A federal judge ruled this week that illegal immigrants have the right to bear arms in a case that could have large effects on immigration policy and the Second Amendment. The ruling comes amid the largest wave of migrants entering the country illegally in the country’s history.

U.S. District Court Judge Sharon Coleman of the Northern District of Illinois ruled that an illegal immigrant had the right to carry a firearm, which dismissed charges against him. Heriberto Carbajal-Flores was arrested for possessing a firearm in Chicago in 2020.

Carbajal-Flores is in the country illegally.

The judge wrote that there was no “improper use of the weapon” and cited the “non-violent circumstances of his arrest.”

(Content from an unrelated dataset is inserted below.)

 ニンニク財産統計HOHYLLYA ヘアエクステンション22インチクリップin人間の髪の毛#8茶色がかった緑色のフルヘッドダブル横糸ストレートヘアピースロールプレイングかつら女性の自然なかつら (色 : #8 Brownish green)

Coleman wrote that considering those factors, she found that the arrest did not “support a finding that he poses a risk to public safety such that he cannot be trusted to use a weapon responsibly and should be deprived of his Second Amendment right to bear arms in self-defense.”

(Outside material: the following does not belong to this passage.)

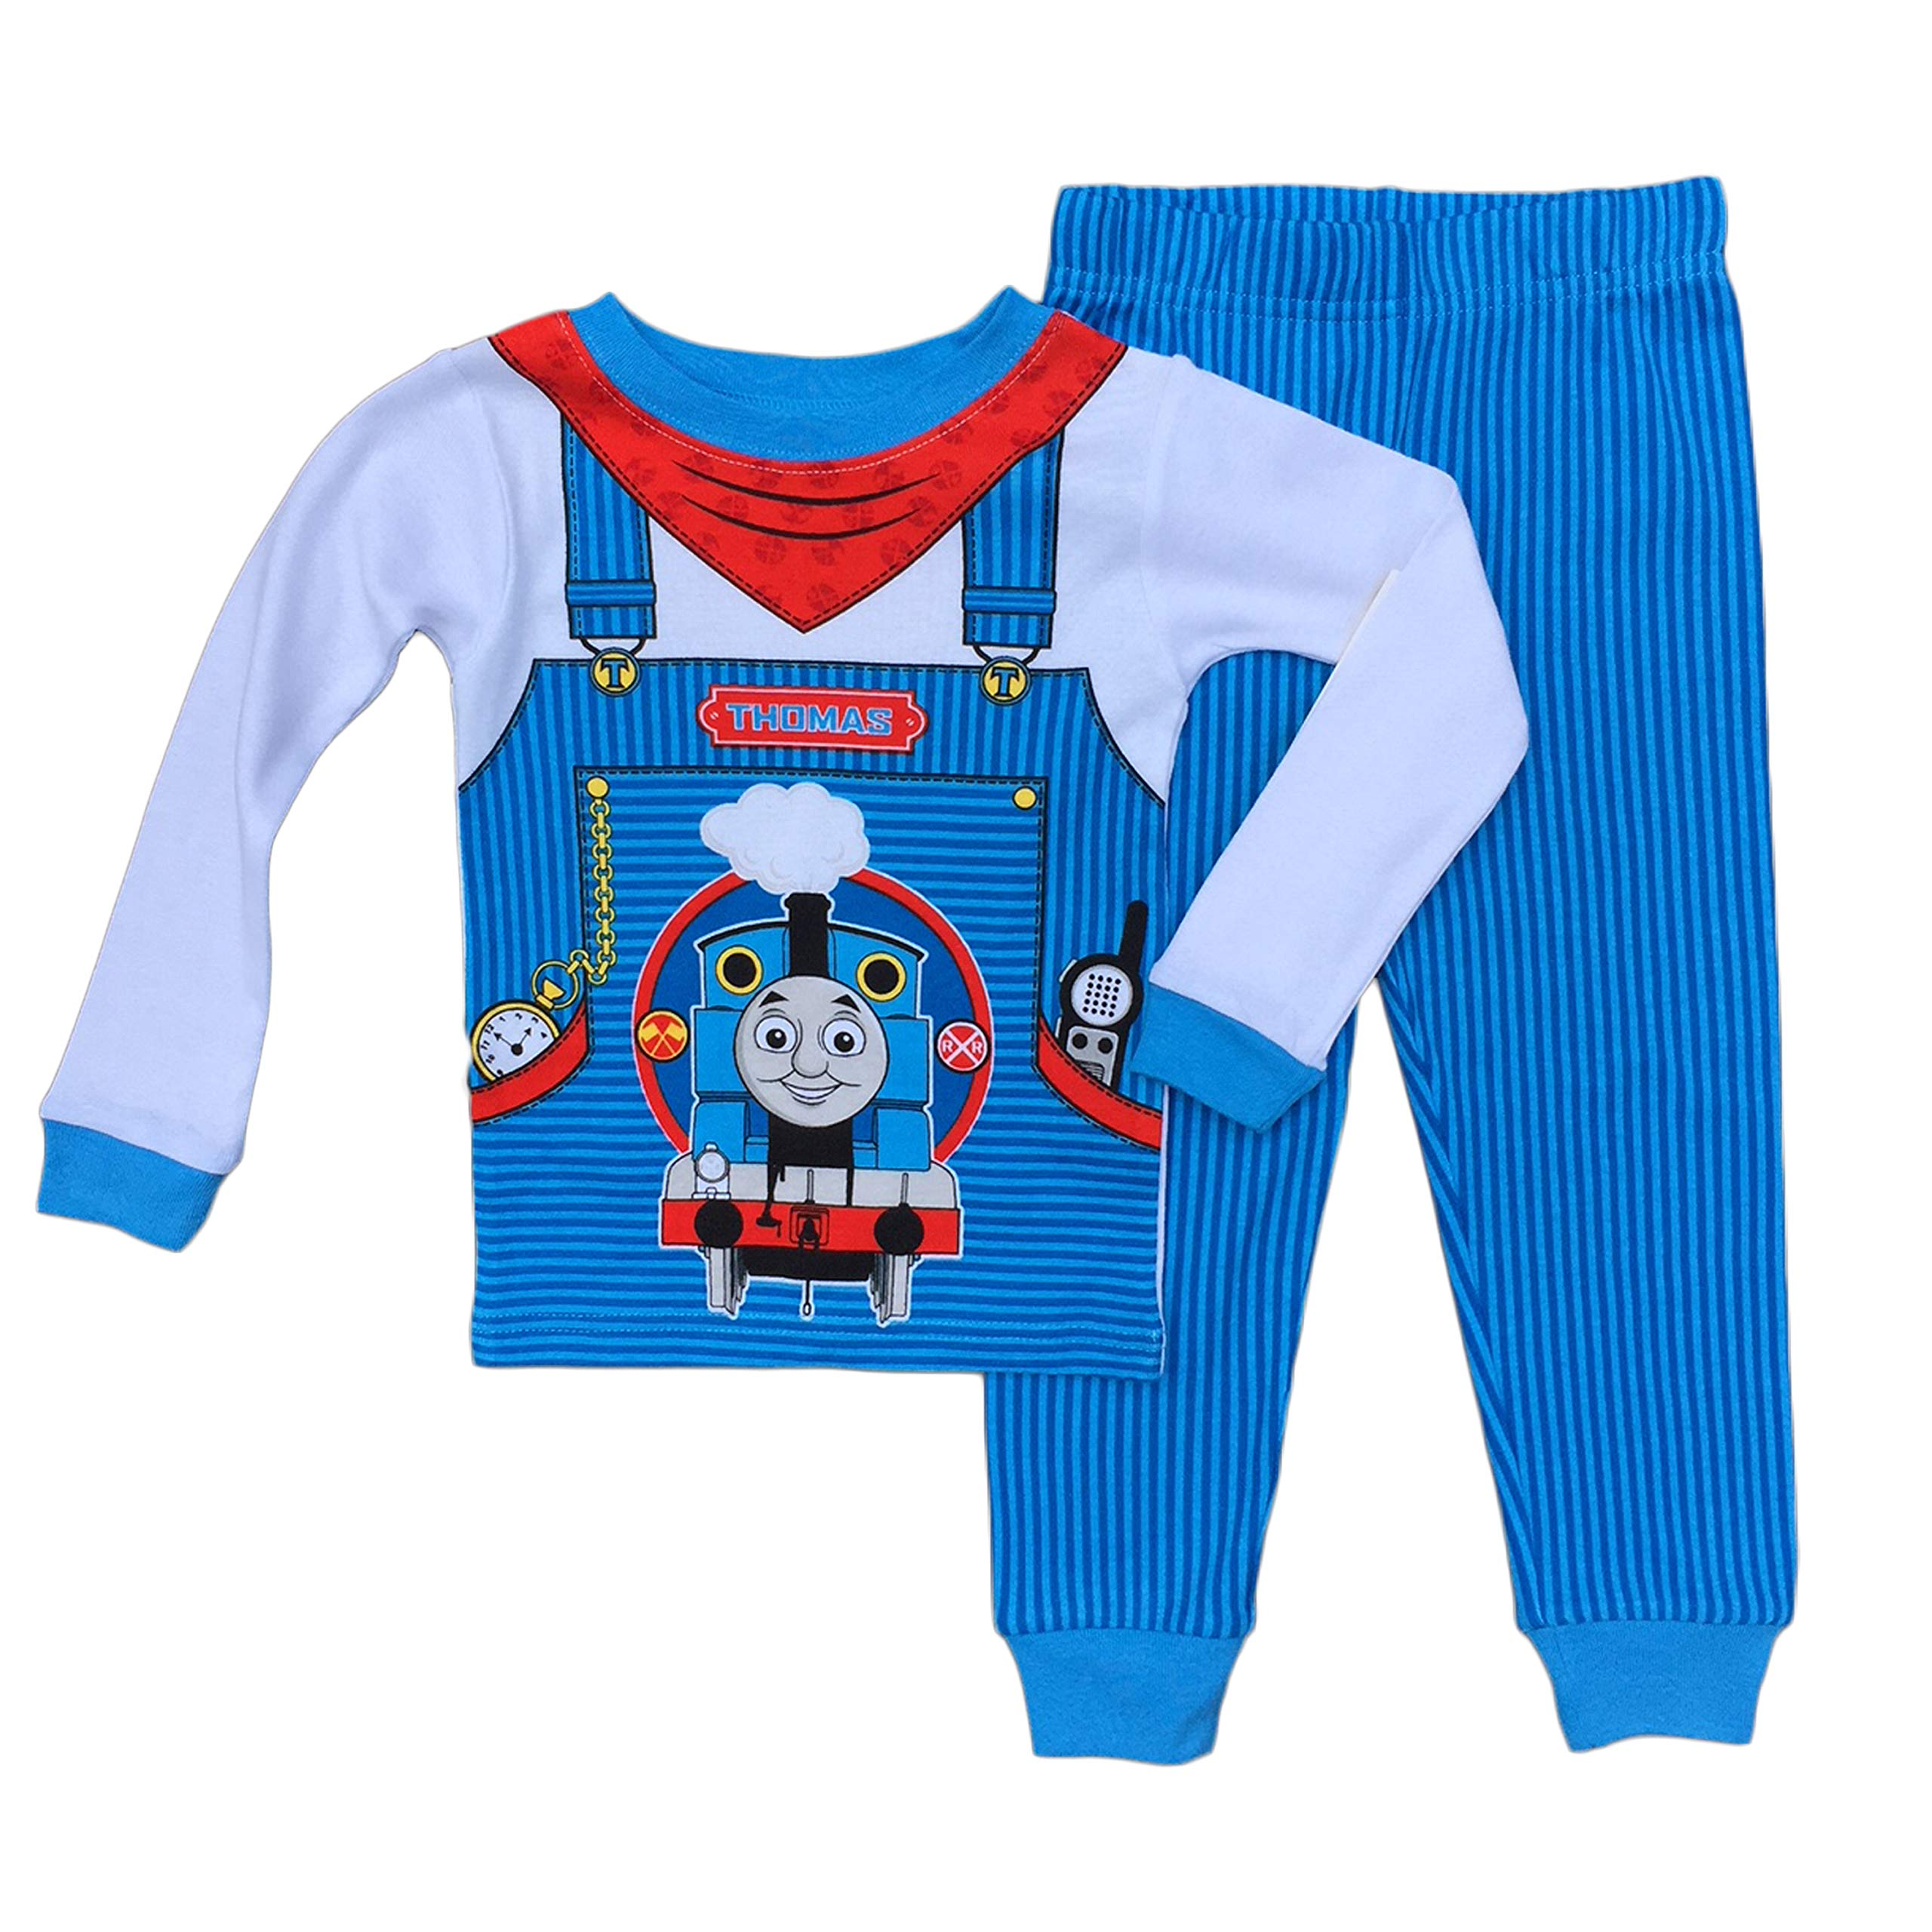 Thomas The Train Little Boys Toddler Cotton Pajama Set (3T)

The defendant was arrested under federal law, which prohibits illegal immigrants from receiving “any firearm or ammunition which has been shipped or transported in interstate or foreign commerce.”

Carbajal-Flores has not been convicted of a crime involving the use of a weapon and argued that he needed the firearm for self-defense during the 2020 George Floyd riots. The judge wrote that the defendant “has consistently adhered to and fulfilled all the stipulated conditions of his release.”

The case took place about a year and a half after the Supreme Court struck down a New York law that overturned a New York law that required “proper cause” to get a carry permit.

A 2022 ruling on the Carbajal-Flores case ruled that “the government identifies historical limitations on noncitizens’ right to bear arms, justifying its regulation. Because the government meets its burden under the second prong of the Bruen test, Carbajal-Flores’ indictment under § 922(g)(5) is not in violation of the Second Amendment. Defendant’s motion to dismiss the indictment is denied.”